The most obvious acquirer is Acadia itself, which already has the commercial infrastructure, the DAYBUE brand, and a deep relationship with Neuren management — buying Neuren outright would convert its existing royalty liability into wholly-owned assets and give it full ownership of NNZ-2591’s multi-indication opportunity. Alternatively, Biogen, which has built a significant rare neurological disease franchise through Spinraza and Aduhelm, would find Neuren’s profile highly complementary.

5. Imugene (ASX: IMU)

Potential suitors: Merck & Co., Bristol Myers Squibb, AbbVie

Imugene is the highest-risk, highest-optionality name on this list. It is a sprawling, pre-revenue clinical-stage company with arguably too many programs spread across too many modalities — but that complexity conceals some genuinely distinctive assets, and crucially, it is run by serial biotech deal-maker Paul Hopper, who has a compelling track record of delivering exits. Most famously, Hopper was the driving force behind Viralytics, an ASX-listed oncolytic virus company that he sold to Merck for $502 million in 2018 — a deal that was driven in large part by Merck’s desire to combine Viralytics’ oncolytic virus Cavatak with Keytruda. The playbook Imugene is running now looks intentionally similar.

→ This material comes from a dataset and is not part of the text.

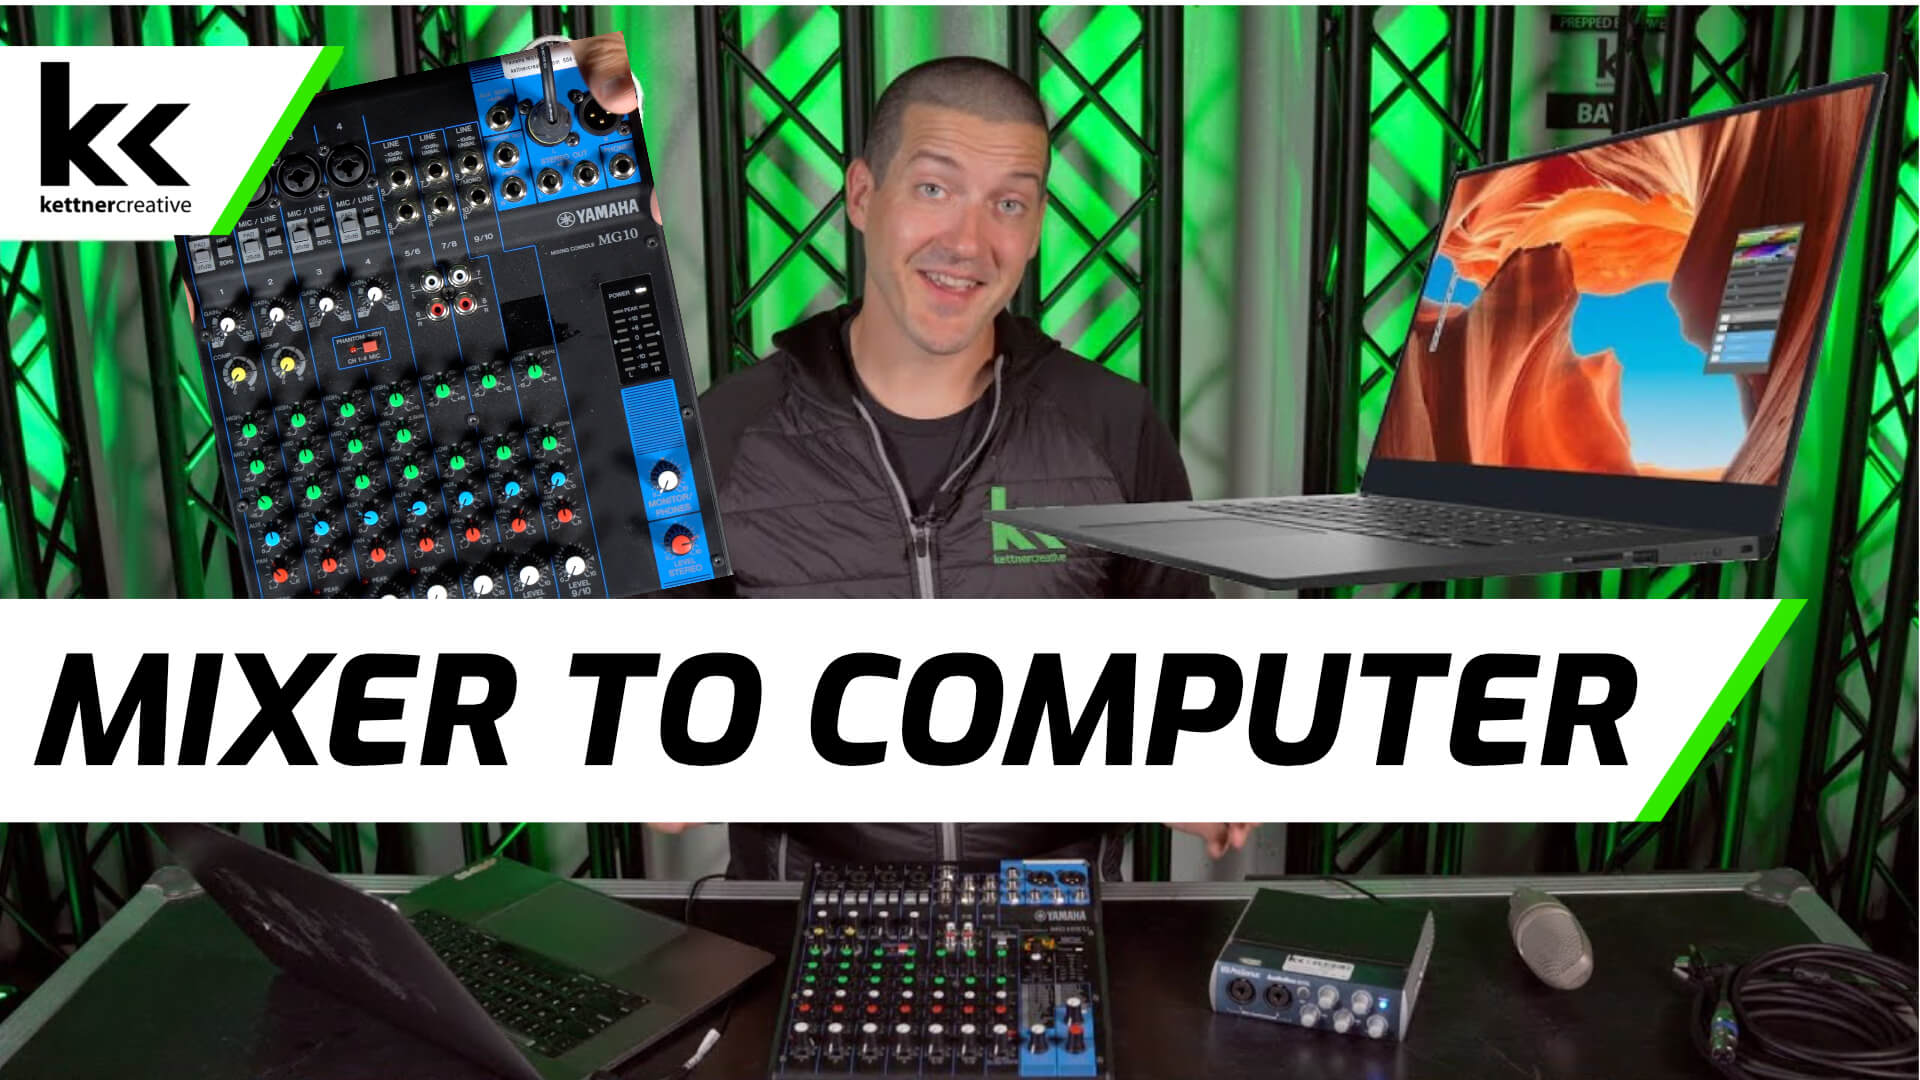 Audio Week: Which Live Sound Front of House Mixer is for You
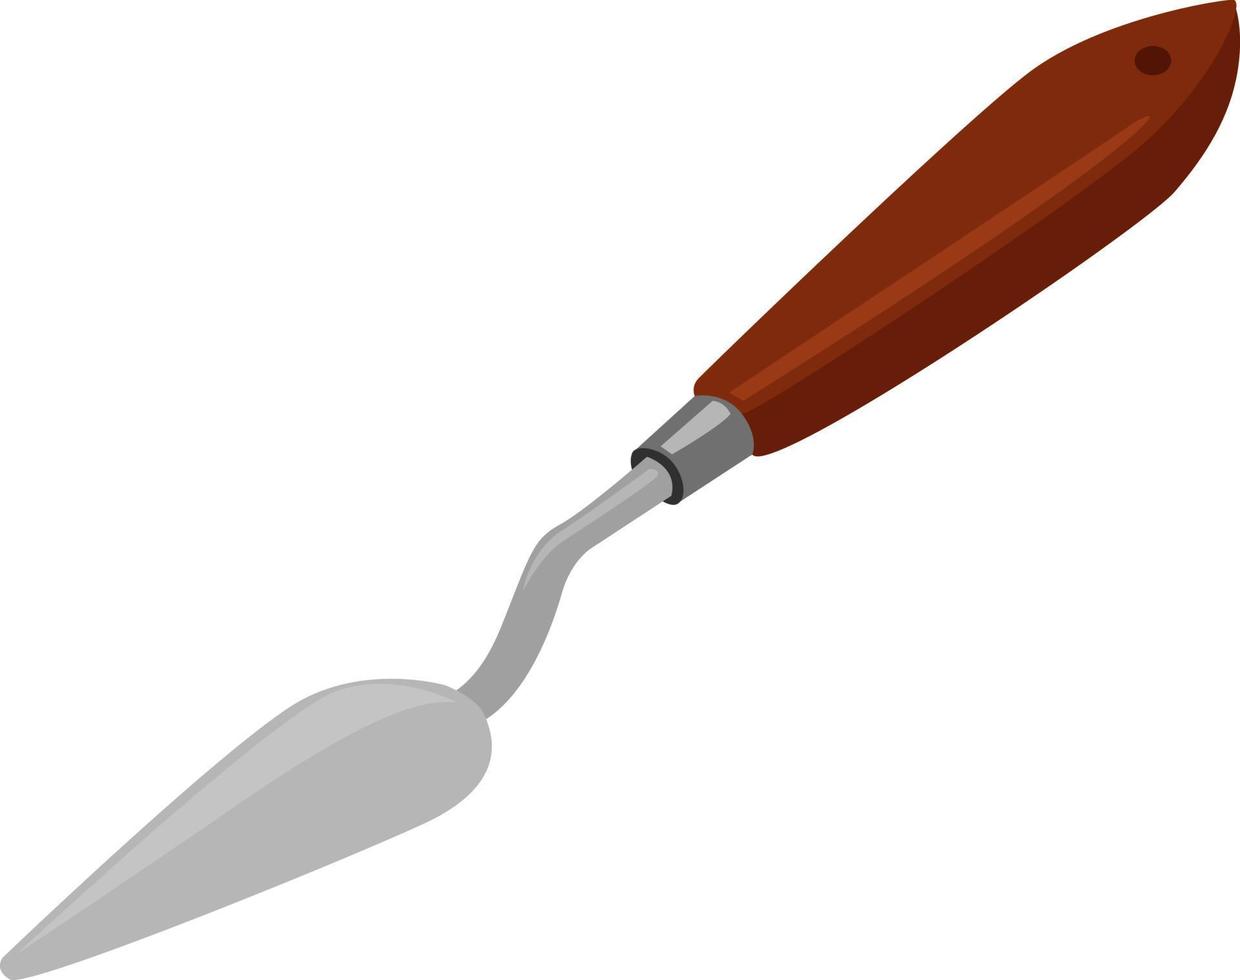 Small painting knife, illustration, vector on a white background.

Imugene’s lead oncolytic virus program is CF33-hNIS (VAXINIA), a chimeric vaccinia virus developed by Professor Yuman Fong at City of Hope. CF33 is being developed as a combination treatment with existing checkpoint inhibitors on the market, such as Keytruda, with the idea that combining an oncolytic virus with a checkpoint inhibitor can dramatically increase response rates.

Imugene also has Azer-Cel, an allogeneic (off-the-shelf) CD19-targeting CAR-T therapy that recently reported 100% overall response rate in chronic lymphocytic leukaemia and 80% ORR in marginal zone lymphoma in Phase 1b — exceptional results in anyone’s book. Its B-cell immunotherapy platform includes PD1-Vaxx, which aims to induce antibodies that mimic the effect of Keytruda without the manufacturing complexity of a biologic monoclonal antibody.

Imugene is undercapitalised relative to its ambitions and carries considerable execution risk, but the combination of Hopper’s deal-making credentials, the Keytruda combination angle, and the emerging Azer-Cel data gives this company a plausible pathway to a big pharma conversation, particularly with Merck, which has done the Hopper deal before (the 2018 acquisition of Viralytics) and knows exactly what these assets could mean for the post-2028 Keytruda franchise.